▶ _Recorded data_
□ □ □ □ □

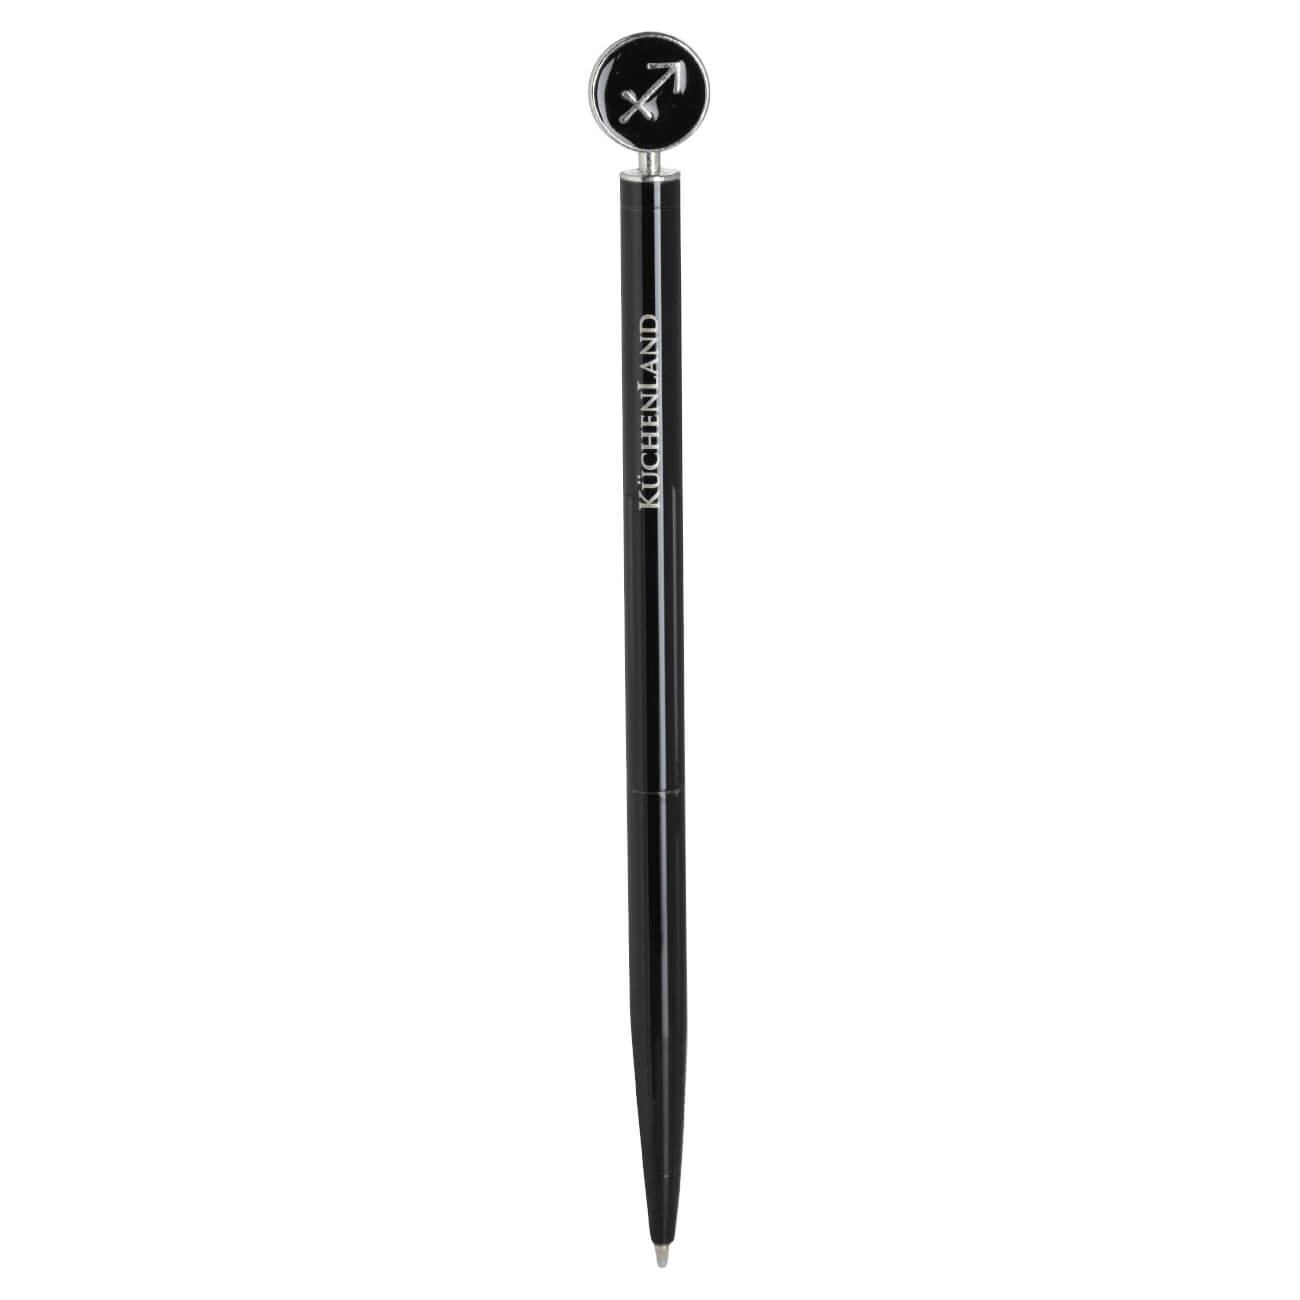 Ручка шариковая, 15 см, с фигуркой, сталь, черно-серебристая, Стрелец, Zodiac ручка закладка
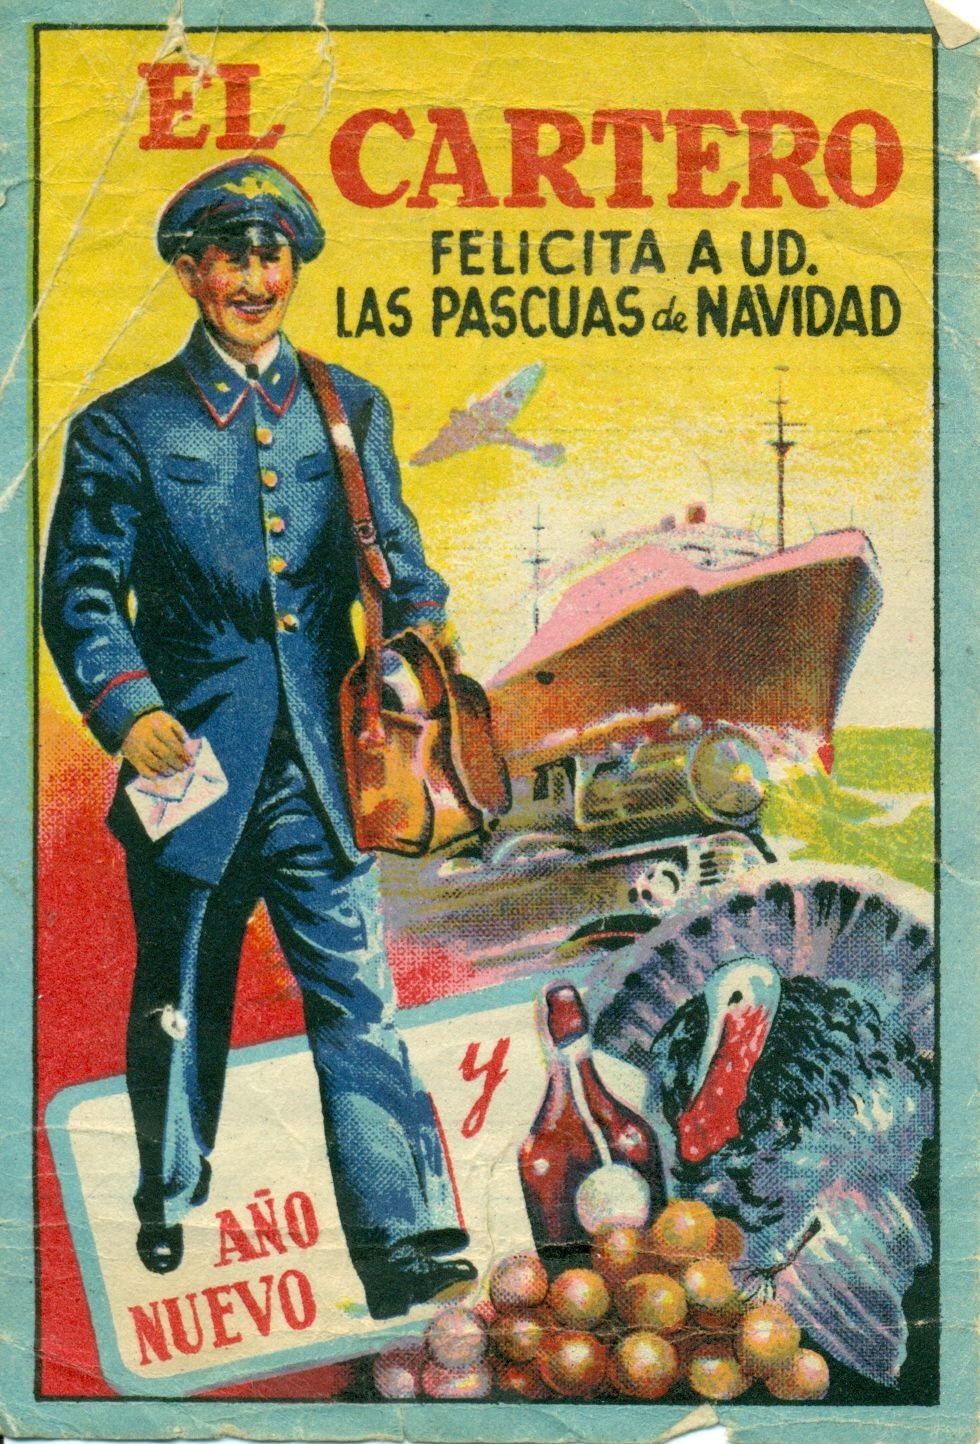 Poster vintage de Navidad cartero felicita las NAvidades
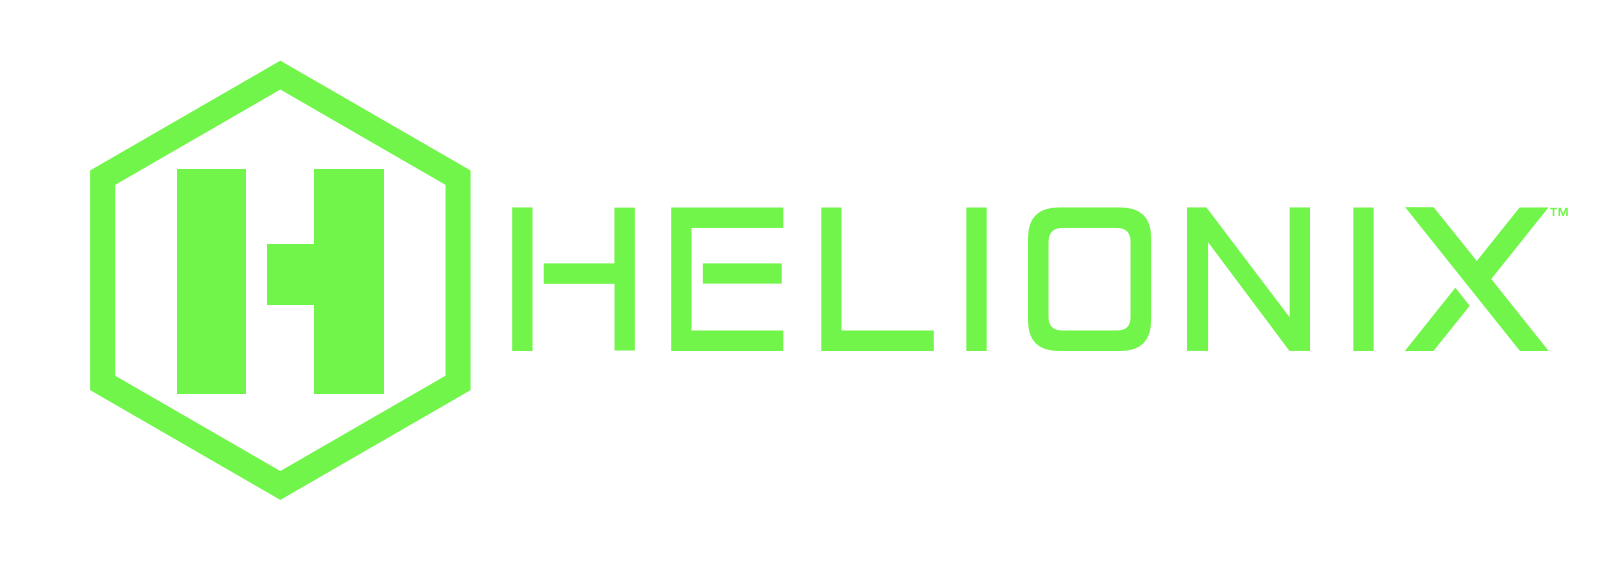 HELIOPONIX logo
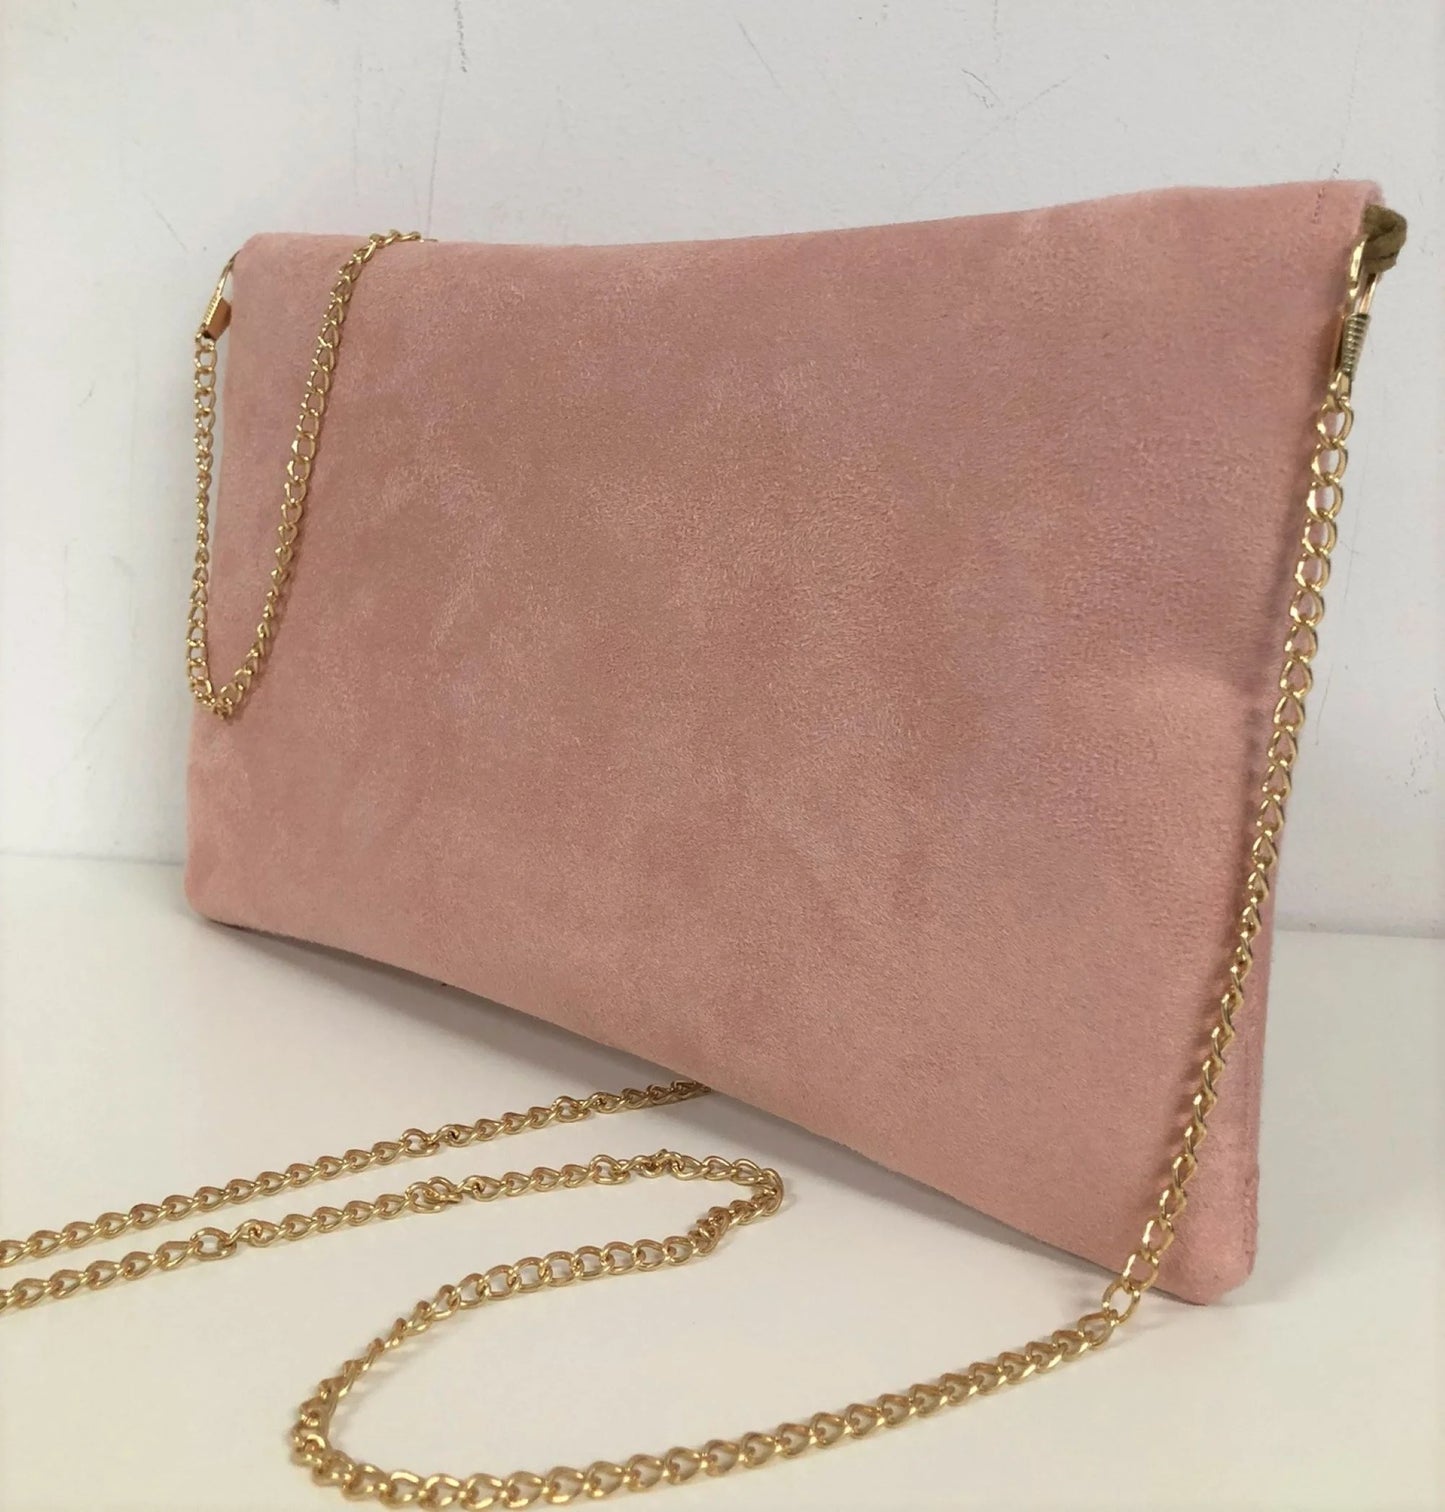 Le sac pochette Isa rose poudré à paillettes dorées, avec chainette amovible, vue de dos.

□ □ □ □ □

▶ _Task to carry out_
All of the lines above should be copied exactly, apart from the pictures.

▶ _Problem solution_
 Ручка шариковая, 15 см, с фигуркой, сталь, черно-серебристая, Стрелец, Zodiac ручка закладка
 Poster vintage de Navidad cartero felicita las NAvidades
 HELIOPONIX logo
 Le sac pochette Isa rose poudré à paillettes dorées, avec chainette amovible, vue de dos.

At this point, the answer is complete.